Baca Juga: Banyak PAUD Berhenti Karena Tak Terima Dana Desa
Pemicu Penyelewengan
Terakhir, DJPK Kemenkeu melihat ada faktor lain yang memicu penyalahgunaan dana desa, yakni lunturnya nilai-nilai sosial masyarakat desa karena kehadiran suntikan dana desa. Namun menurut Jaka, premis ini masih perlu dikaji lebih mendalam.
Dia mencontohkan, dulu warga desa secara sukarela melakukan gotong royong membangun desanya. Namun ketika ada suntikan dana desa, hanya sebagian warga yang minat gotong royong, sedangkan yang lainnya merasa tidak perlu ikut gotong royong karena tidak mendapatkan apa-apa.

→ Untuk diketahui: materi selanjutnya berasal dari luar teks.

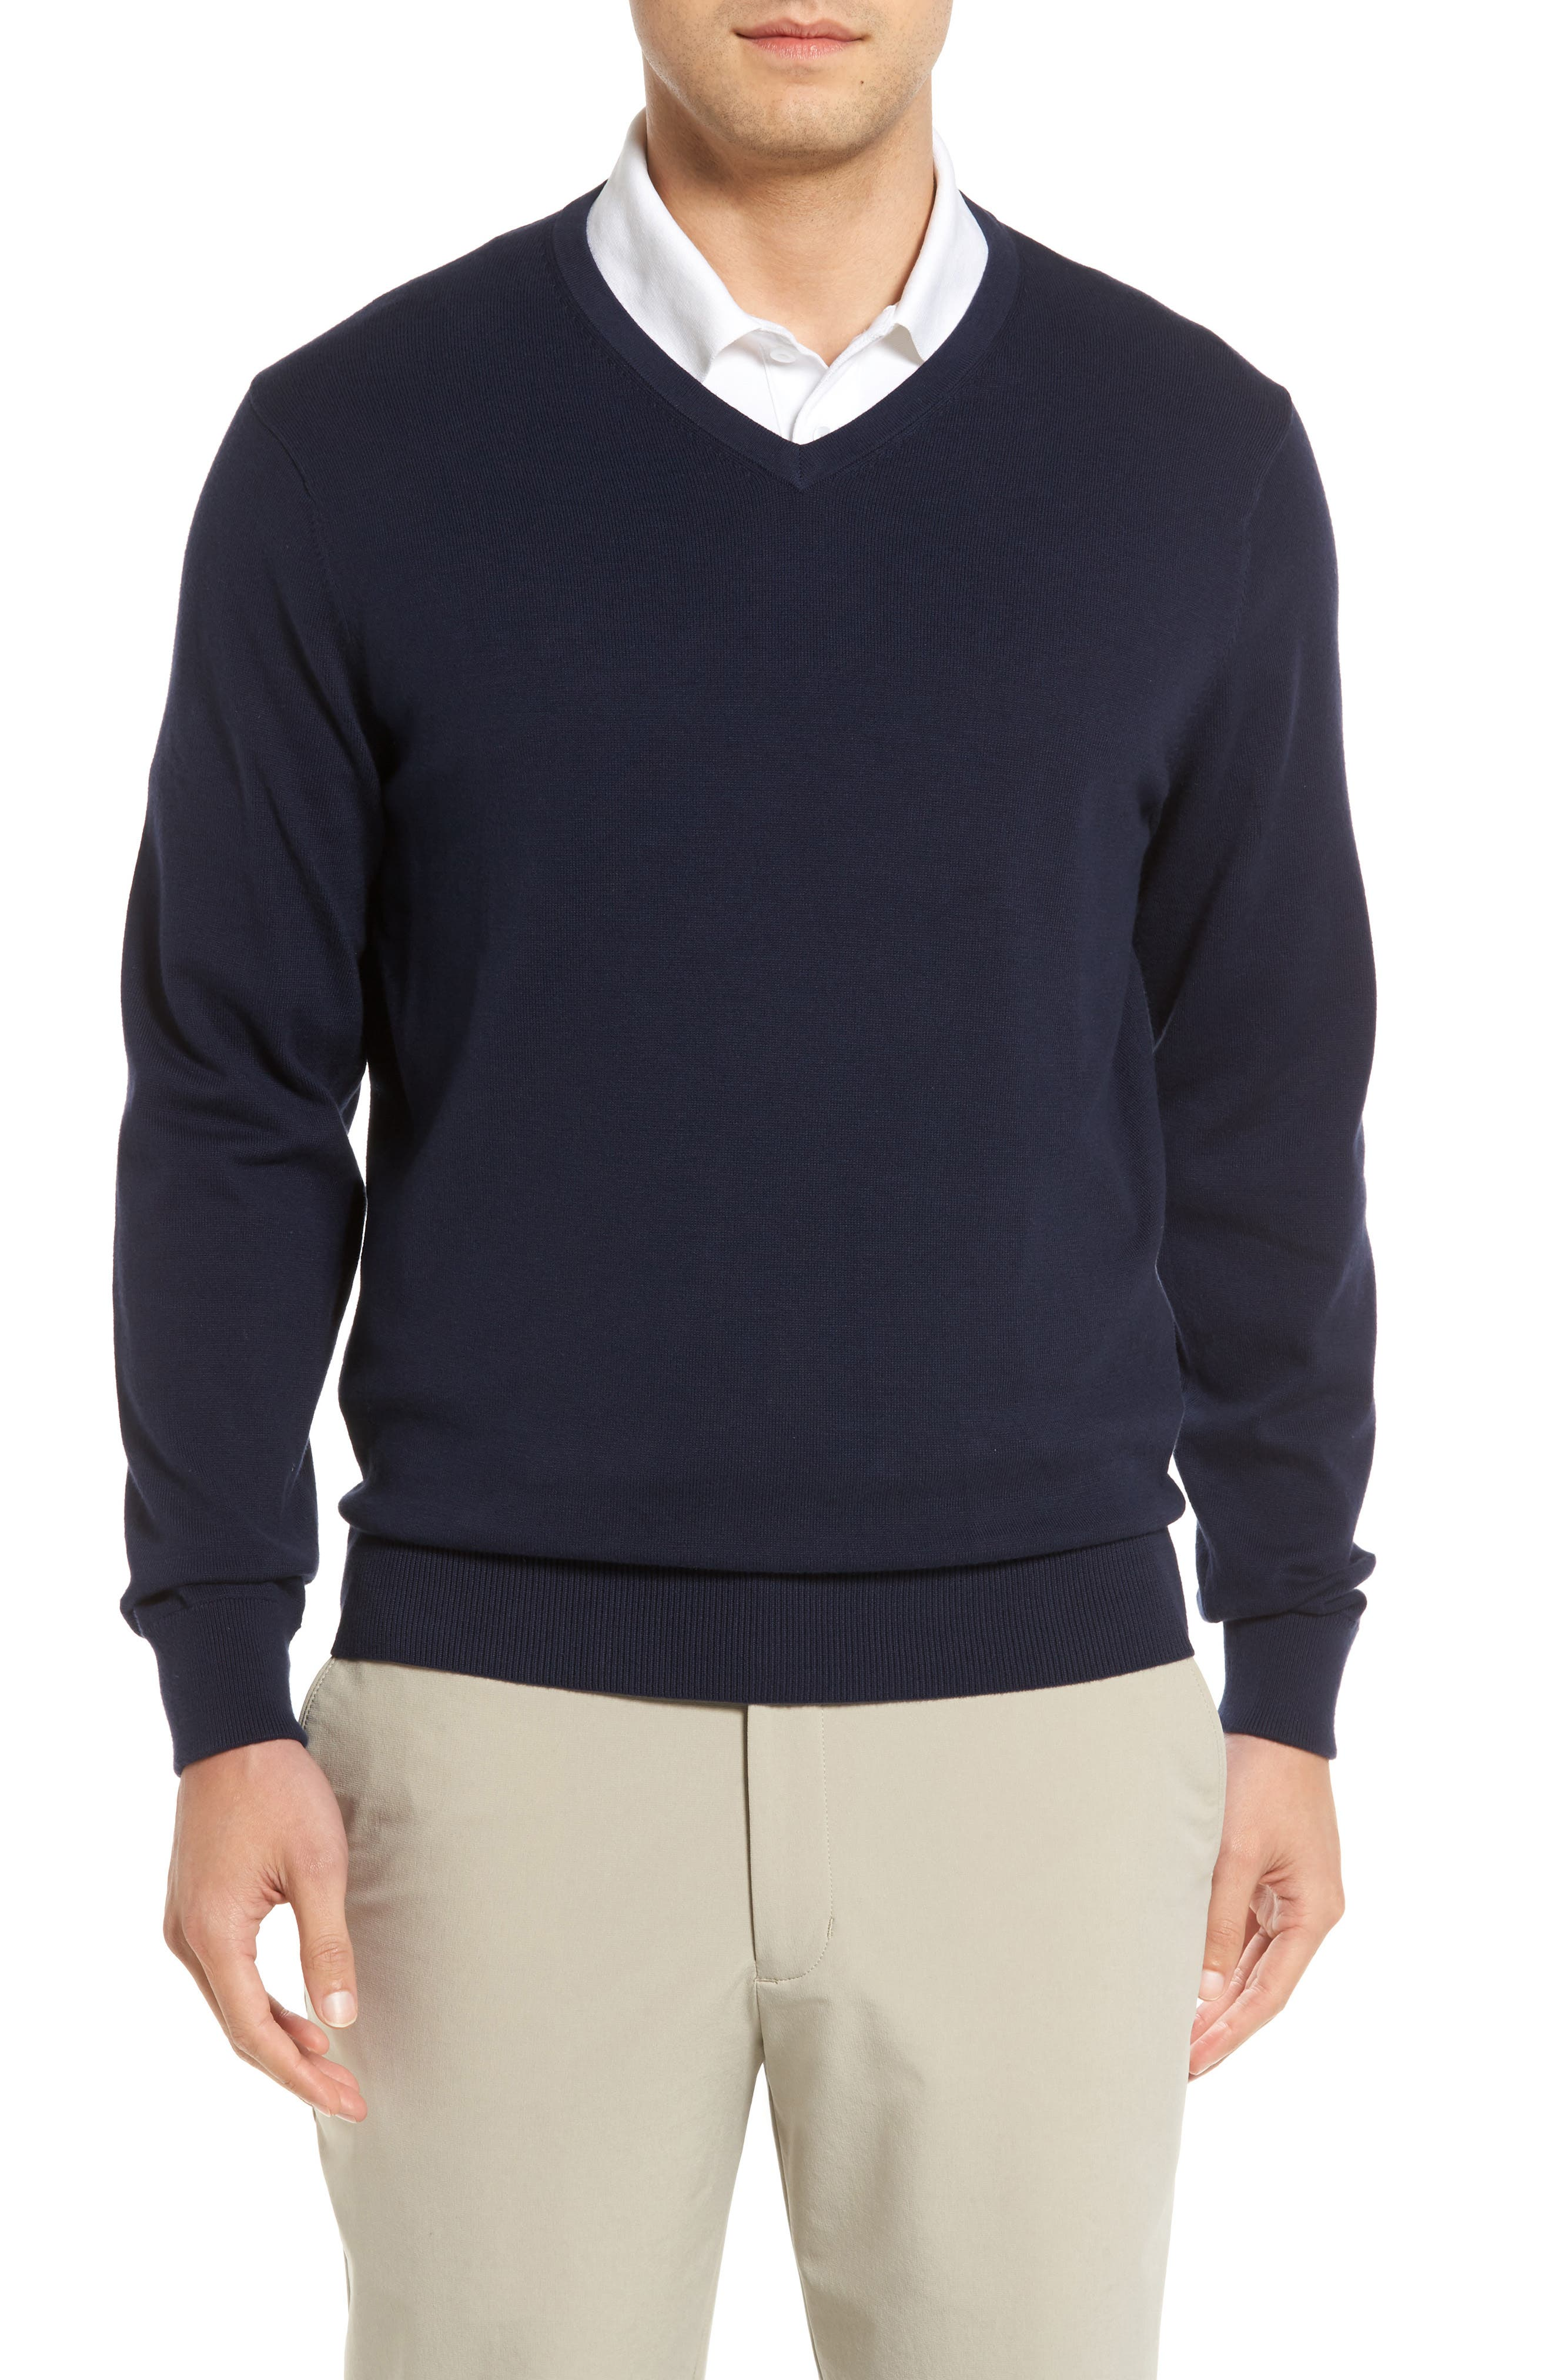 Alternate Image 1 Selected - Cutter & Buck Lakemont V-Neck Sweater

"Dengan adanya dana desa kemudian jadi transaksional. Ini memang sedang melakukan kajian, karena ini disinyalir dana desa itu mereduksi nilai sosial atau tatanan sosial. Tapi sekali lagi, ini masih dalam proses perkiraan, jadi memang harus dibuktikan dengan kajian," tegas Jaka.
Untuk diketahui, Kementerian Keuangan telah mengalokasikan pagu senilai Rp71 triliun untuk pos dana desa pada tahun anggaran 2024. Adapun jumlah pagu tersebut dialokasikan kepada 75.259 desa yang tersebar di 434 Kabupaten/Kota.